Sometimes, a fracture cannot be seen with CBCT, but the bone loss pattern adjacent to a fracture can be seen. These bone loss patterns, not evident in traditional 2D imaging, can help identify the presence of a vertical root fracture.  Even with CBCT, all information has to be evaluated and weighed and a judgment to be made.  The only sure way is to see the fracture.  CBCT does allow us to "see" the fracture in certain instances but not all.

CASE REPORT


The following case would be typically diagnosed as a root fracture due to the bone loss pattern in the crestal area and into the furcation area as well as a long, narrow 8mm perio pocket on the ML surface.  There is however, coronal leakage under the mesial margin which could be a source of re-contamination of the root canal.


CBCT shows a long, periodontal breakdown on the lingual surface of the MB root - typical of a VRF.  Axial view also show the narrow bone loss in the same area - suggestive of a VRF.



Closer look at the axial view shows what appears to be a separation of the palatal side of the MB root.  This is a VRF - seen clearly on CBCT.



Rotation of the image, giving a palatal view of #14, shows a horizontal fracture in the MB root.

With these radiographic findings as well as the clinical findings, a confident diagnosis of vertical root fracture can be made.  Extraction was recommended in this case.


Wednesday, May 22, 2013

9.5 Year Recall of Apicoectomy

Last post, talked about how apicoectomies can be used to save teeth and the periodontium - tissues whose form and function are never truly replaced by dental implants. As a follow up to that post, here's a 9.5 year recall on an apicoectomy.


 This patient has crowns on #6-#11.  Tooth #6 is causing a localized ache, affected by pressure and chewing. #6 is sensitive to percussion with normal probings. DX:  Prior RCT with Symptomatic Apical Periodontitis (SAP). The margins are suspicious, but apical surgery was chosen to address the infection without disturbing the existing crown.

Apicoectomy completed, no root fractures seen with microscope. MTA retrofill.

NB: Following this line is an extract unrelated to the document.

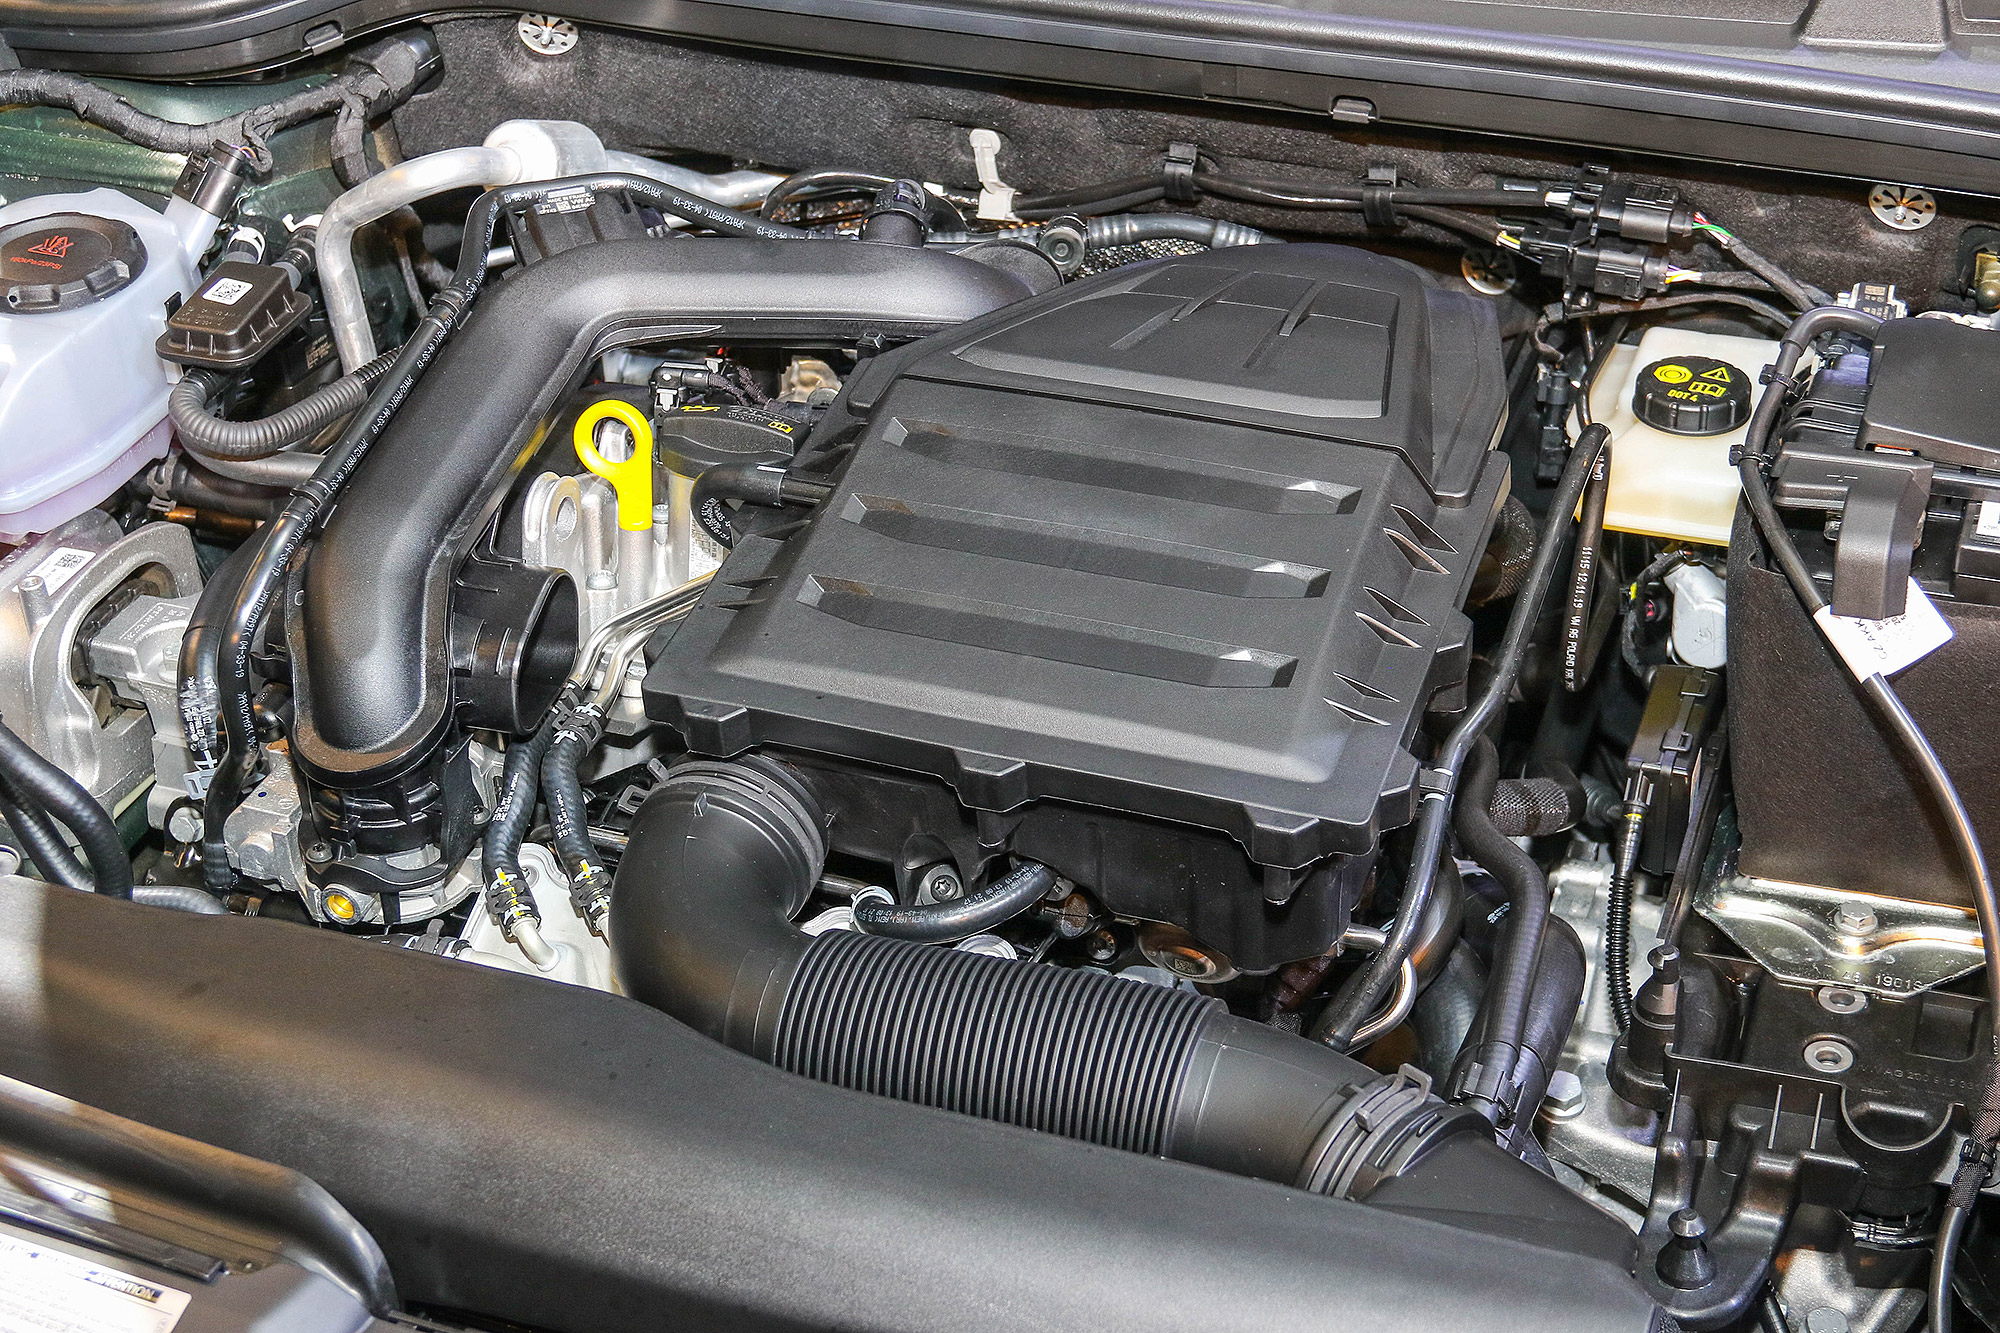 1.0 TSI 引擎動力輸出數字為 115 匹馬力與 20.4 公斤米扭力。

9.5 year recall.  Tooth is fully functional, asymptomatic with radiographic healing.  Apicoectomy has preserved the tooth and the periodontium for an extended period of time.

Monday, May 20, 2013

Apicoectomies Save Teeth

Endodontic surgery has an established record of success.  Modern materials and equipment (microsurgery) make it even more successful.

In a recent updated meta-analysis of the literature regarding endodontic surgery (Tsesis et. al.), a successful outcome of endodontic surgery was seen in 89% of patients at 1 year.  It also pointed out that modern materials and equipment (MTA and microscopes) are associated with better outcomes.

The following case shows the benefit of endodontic surgery, use of CBCT in surgical planning, and the surgical correction of endodontic overfill.


This root canal was done by her general dentist 3 months earlier.  As you can see it is overfilled, post placed, crown prepped and ready for new crown, but patient continues to have symptoms with the tooth.


CBCT taken to evaluate the root morphology. It is clear that this is a single root/canal.  (The canal has an oblong shape)  It was chosen to treat this tooth with apical surgery to preserve the restorative work that has been completed and assure that the overextened gutta percha is removed.



Apicoectomy completed with MTA retrofill.


9 month recall show complete healing of the periapical lesion, tooth is fully functional and asymptomatic.  This procedure saves the patient significant time and money over extraction and implant placement.


SOURCES:

Outcomes of Surgical Endodontic Treatment Performed by a Modern Technique: An Updated Meta-analysis of the Literature
Igor Tsesis, Eyal Rosen, Silvio Taschieri, Yoel Telishevsky Strauss, Valentina Ceresoli, Massimo Del Fabbro

Journal of endodontics 1 March 2013 (volume 39 issue 3 Pages 332-339 DOI: 10.1016/j.joen.2012.11.044) 



Tuesday, April 30, 2013

Teeth & Dental Implants: Not the Same

At the recent AAE Convention, Dr. Hessam Nowzari presented a lecture on implant outcomes.  Dr. Nowzari is a diplomate of the American Board of Periodontology and the former director of advanced periodontics at USC from 1995 to 2012.

Dr. Nowzari discussed the difference between the tooth and an implant from a unique perspective. Often left out of the discussion regarding implants is the importance of the periodontium and how loss of the the periodontium (tooth, periodontal ligament, dental papilla, supracrestal fibers, lamina dura) affects the remaining gingival esthetics, including the esthetics around the dental implant.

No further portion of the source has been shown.